# Task directions:
When a line of the records contains "Photo", copy it.

# Task material:
━━━

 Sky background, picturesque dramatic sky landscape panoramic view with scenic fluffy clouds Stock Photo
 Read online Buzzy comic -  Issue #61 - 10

━━━

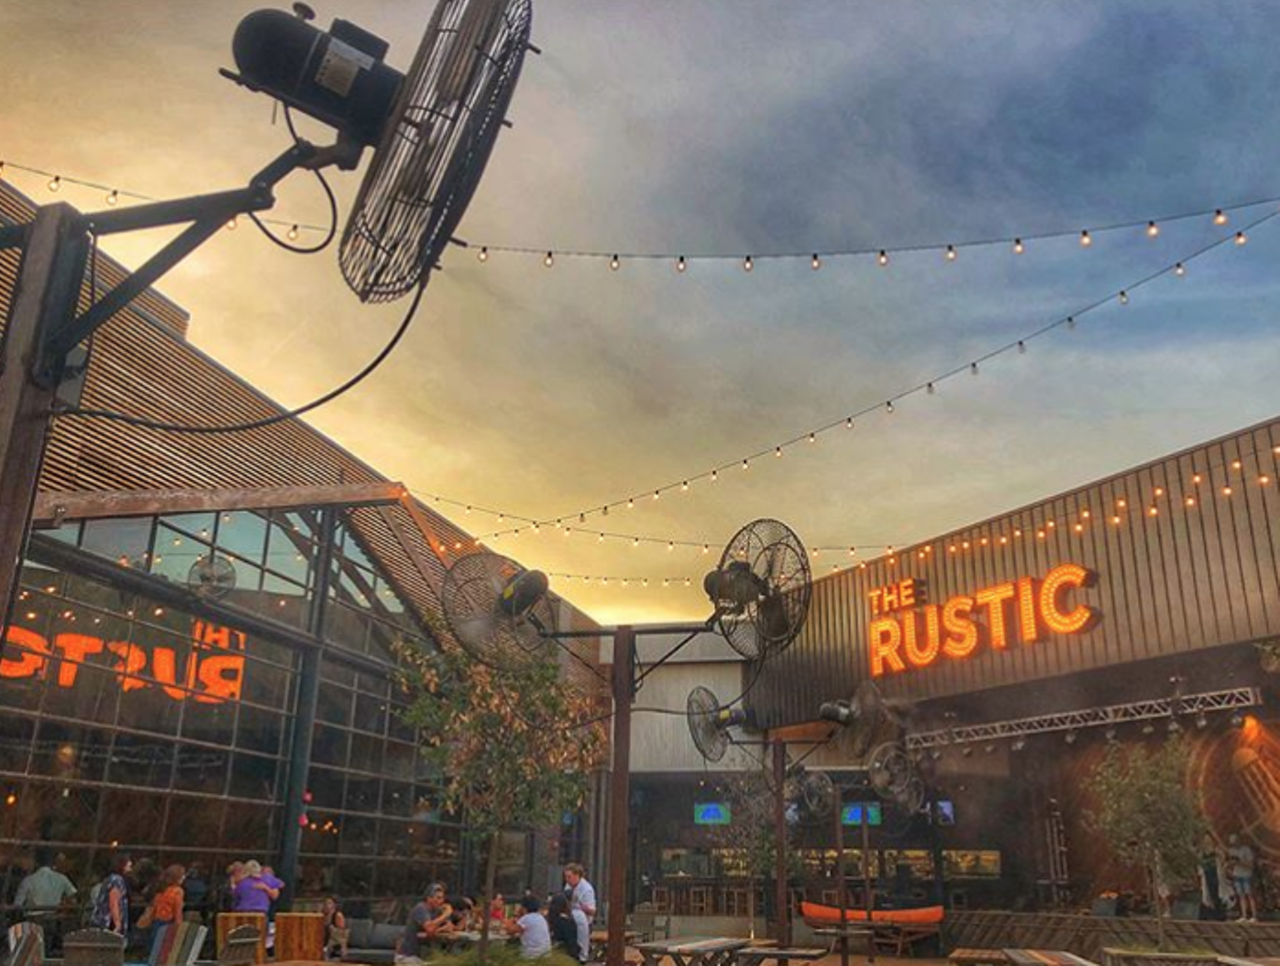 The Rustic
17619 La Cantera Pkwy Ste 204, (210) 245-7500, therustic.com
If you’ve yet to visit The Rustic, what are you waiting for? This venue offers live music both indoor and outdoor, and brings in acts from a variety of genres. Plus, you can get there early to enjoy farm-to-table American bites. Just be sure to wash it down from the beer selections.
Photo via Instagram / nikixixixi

━━━

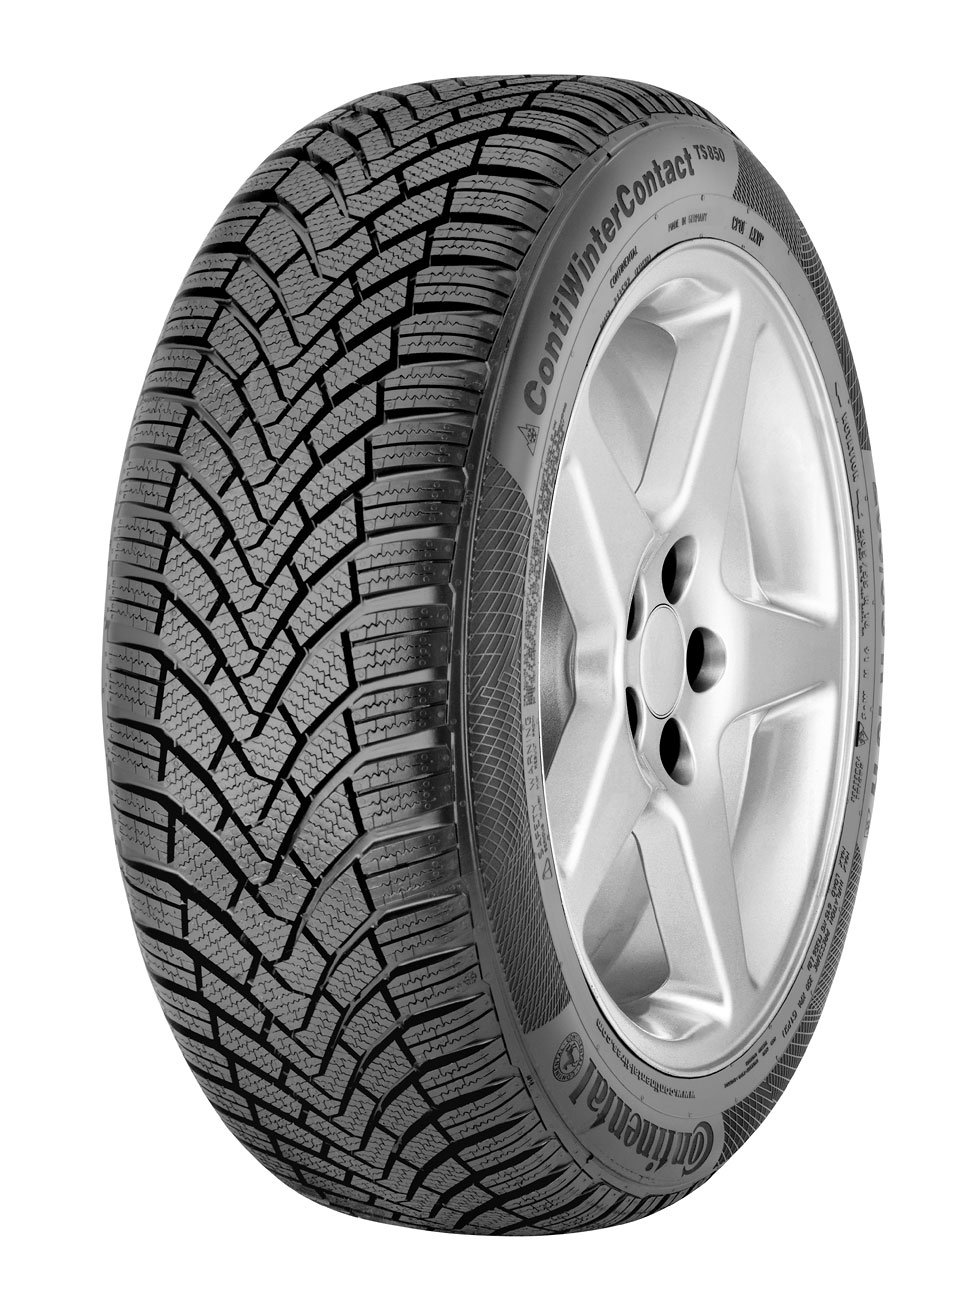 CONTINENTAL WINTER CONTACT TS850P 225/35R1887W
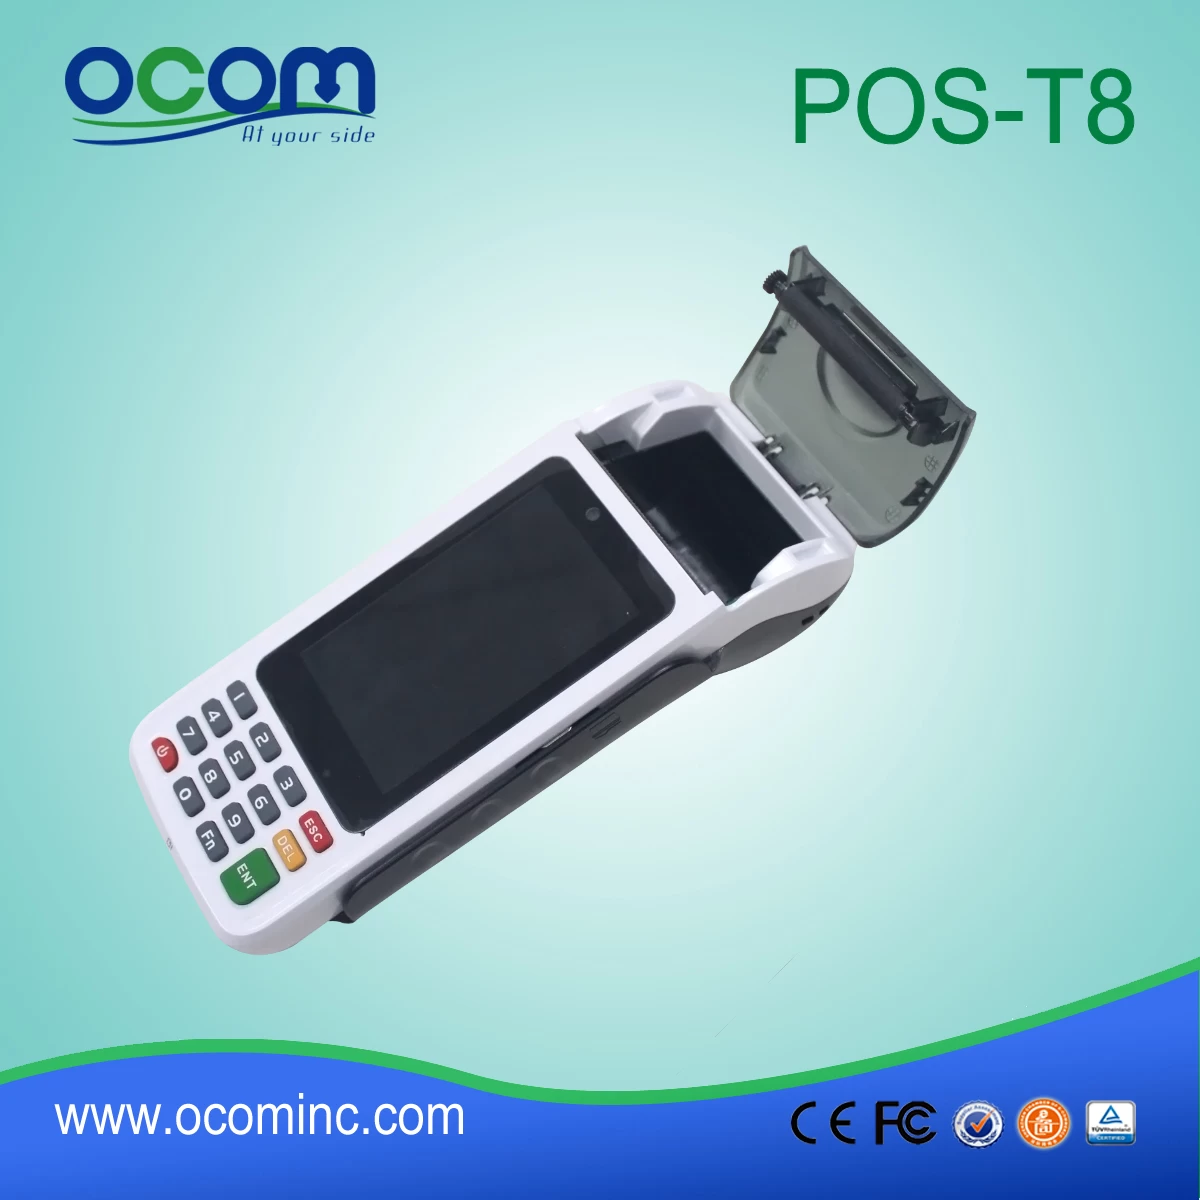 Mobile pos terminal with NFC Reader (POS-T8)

━━━

# Problem solution:
 Sky background, picturesque dramatic sky landscape panoramic view with scenic fluffy clouds Stock Photo
Photo via Instagram / nikixixixi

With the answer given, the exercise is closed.